本文是我在上UCSD的 CSE 120: Principles of Operating Systems (Winter 2020) 整理的笔记,这一课主要介绍了操作系统里面文件系统以及文件的概念,包括文件系统的组成以及访问具体文件/文件夹的方法。
Basic
Preview
File: logical unit of storage, container of data
- Accessed by (name, region within file)
File System: a structured collection of files
- Access control, name space, persistent storage
File System Abstraction
Repository of objects
- Objects are data, programs for system and users
- Objects referenced by name, to be read/written
More than a repository
- Objects can be r/w, protected, shared, locked
- Contains I/O devices: disk, keyboard, display
- Processes: memory
Pesistent: remains “forever”
- Large: “unlimited” size
- Sharing: controlled access
- Security: protecting information
Hierarchical File Name Space
Name space is organized as a tree
- Name has components, branches start from root
- No size restrictions
- Intuitive for users
Example: UNIX “Pathnames”
- Absolute: /a/b/c
- Relative: b/c relative to /a
- Not strictly a tree: links
File
Attributes
- Type (recognized by system or users)
- Times: creation, accessed, modified
- Sizes: current size, (maximum size)
- Access control (permissions)
Operations
- Creation: create, delete
- Prepare for access: open, close, mmap
- Access: read, write
- Search: move to location
- Attributes: get, set(e.g., permissions)

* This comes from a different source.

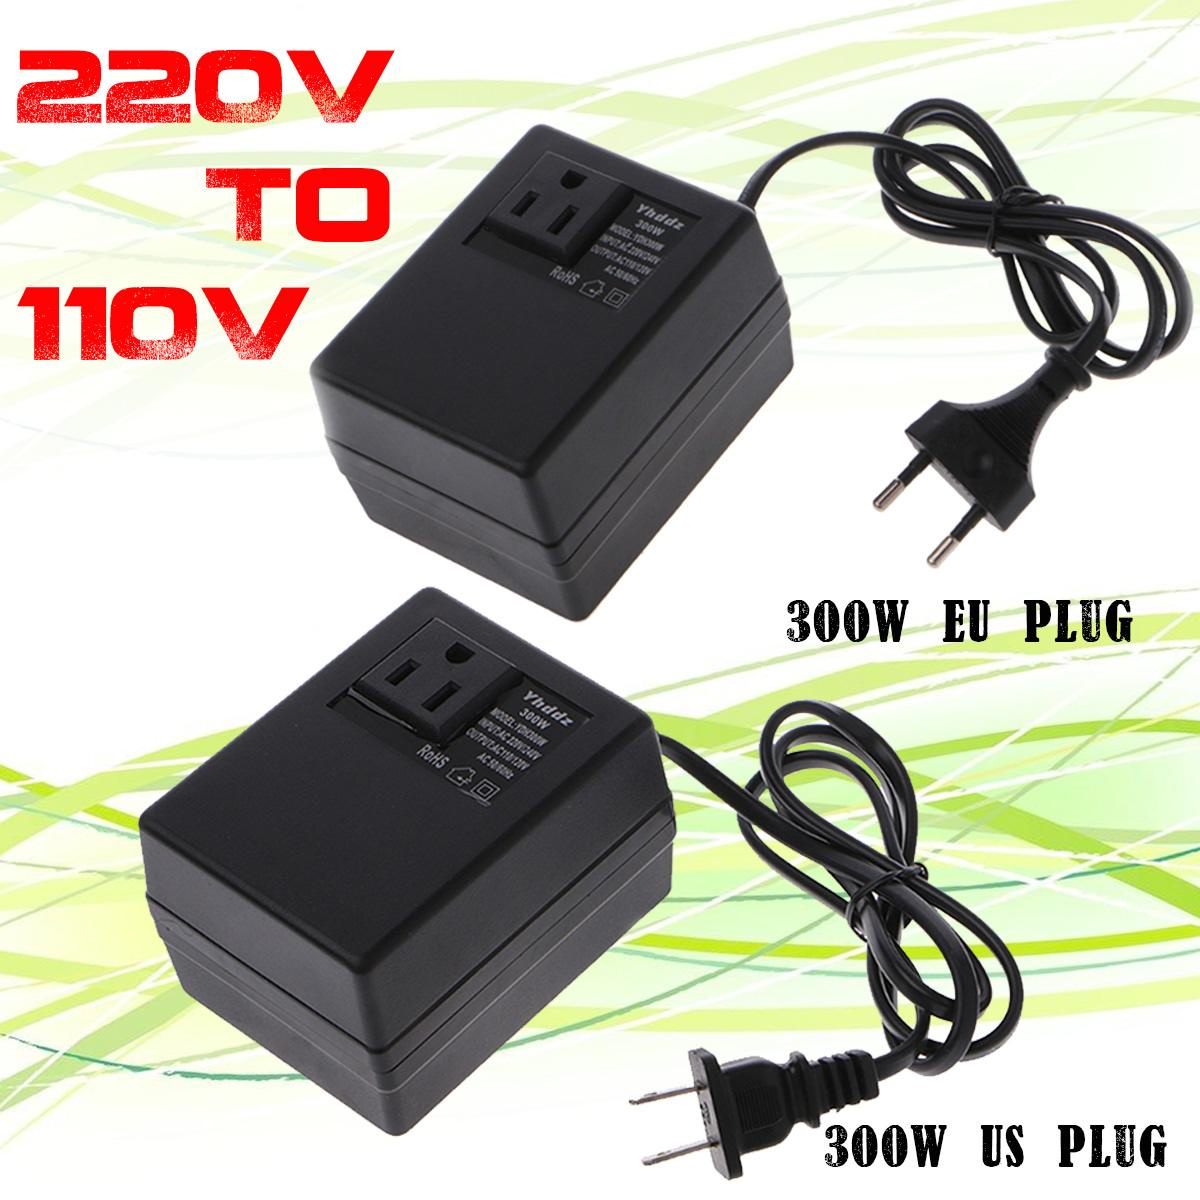 NEW 300W Voltage Converter Transformer Step Down 220V To 110V AC Step Down Travel Voltage Transformer Converter

- Mutual exclusion: lock, unlock
- Name management: rename
Read/Write model
- (file descriptor)fd = open(fname, usage)
- nr = read(fd, buf, size)
- nw = write(fd, buf, size)
close
Memory-mapped model
Map file into address space
- mmap(addr, n, …, fd, …)
- addr = mmap(NULL, n, …, fd, …)
Use memory ops
- x = addr[5]
- strcpy(addr, “hello”)
Issues
- Efficient for multiple process sharing memory
- If memory is written, how is file actually updated?
Access Control
- Who can access file
- What operations are allowed
- User interface must be simple and intuitive
Example: Unix
- r/w/x permissions for owner, group and everyone
File System Implementation
Goals
Archival storage
- Keep forever, including previous versions
Support various storage technologies
- Disks (different types), remote disks, …
How to best achieve and balance:
- Performance
- Reliability
- Security
Storage Abstraction
Hide complexity of device
- Model as array of blocks of data
- Randomly addressable by block number
Typical block size: 1KB (also 4KB ~ 64KB)
- Generally multiple of disk sector size: 512B
Simple interface
- read(block_num, mem_addr)
- write(block_num, mem_addr)
Typical Implementation Structure
- Three major regions: Sequence of blocks for each one
Region 1: File System Metadata
- Information about file system
Sizes
- Files in use, free entries
- Data blocks in use, free entries
Free lists (or bitmaps)
- File control blocks
- Data blocks
Region 2: File Metadata (File Control Blocks)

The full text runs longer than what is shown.